The bottom line is you can turn unstructured website content into clean, usable data formats without writing any scraping code.

1. Subscribe to this MCP and provide your Import.io API Key.
2. Tell your agent what you want: whether it's running a targeted extractor, starting a massive crawl, or using the Magic API.
3. Your agent will manage the job, track its progress (like pages processed), and then retrieve the final data in JSON or CSV format.

## Frequently Asked Questions

**How does Import.io Web Data MCP handle websites that change often?**
The system uses predefined extractors for stable data points, but if a site layout changes completely, you can use the Magic API to try and pull general structured tables automatically.

**Can I run Import.io Web Data MCP on private sites?**
No. This MCP is designed for public web data extraction using standard scraping methods. It cannot access protected or login-required content.
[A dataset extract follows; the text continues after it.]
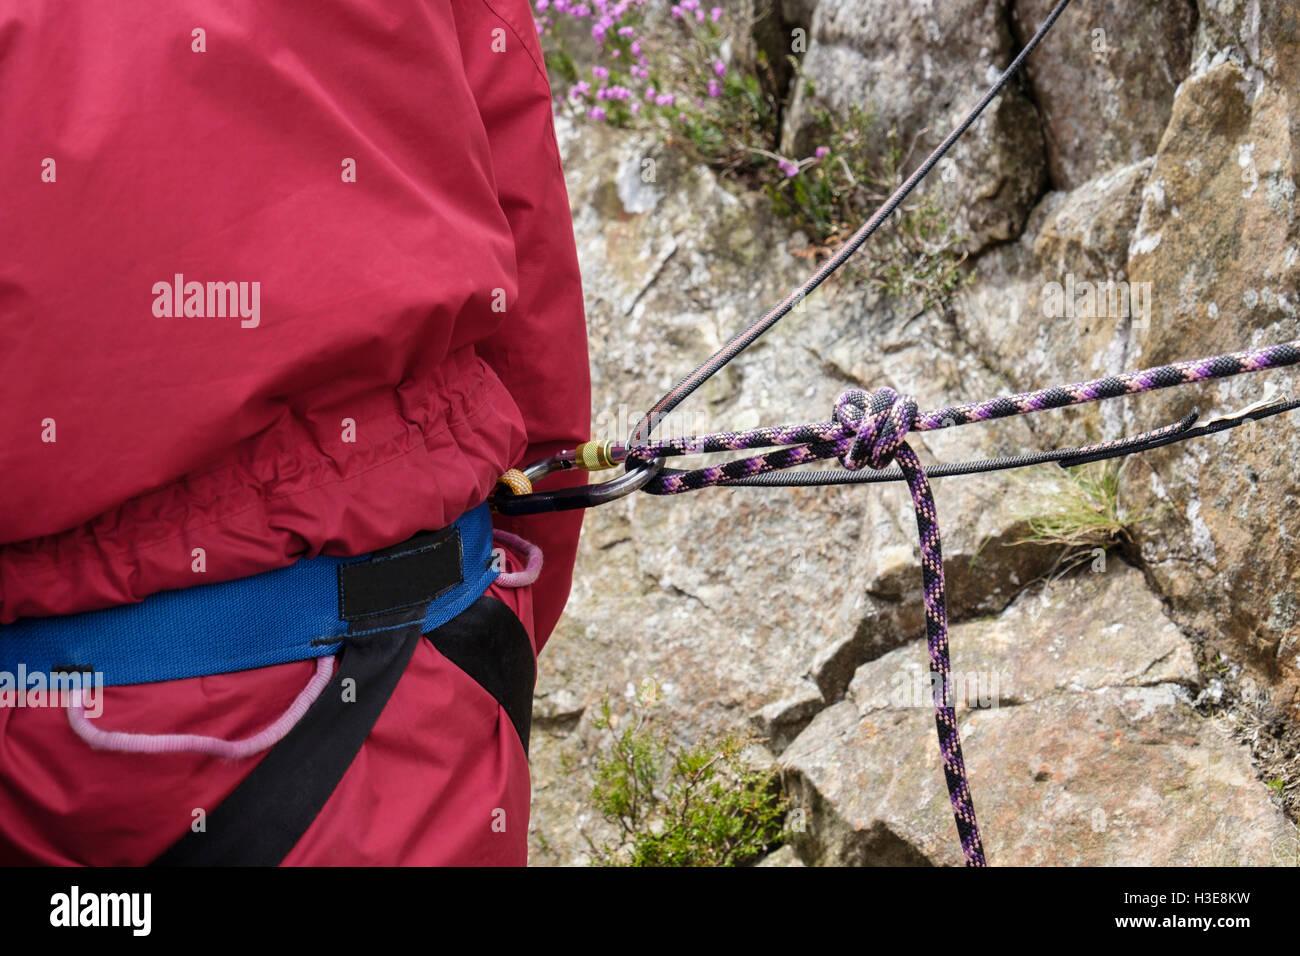 Klettergurt Aus Seil : Rock kletterers stand an der spitze zu klettern mit seil und

**What's the difference between `run_extractor` and `start_crawl`?**
`run_extractor` targets a single, specific page with known data points. `start_crawl` is for bulk jobs across multiple pages or sections of a large website.

**What information does the account_usage tool provide?**
It tells you exactly how many API credits you've consumed this billing cycle and what your remaining credit balance is, helping manage your budget.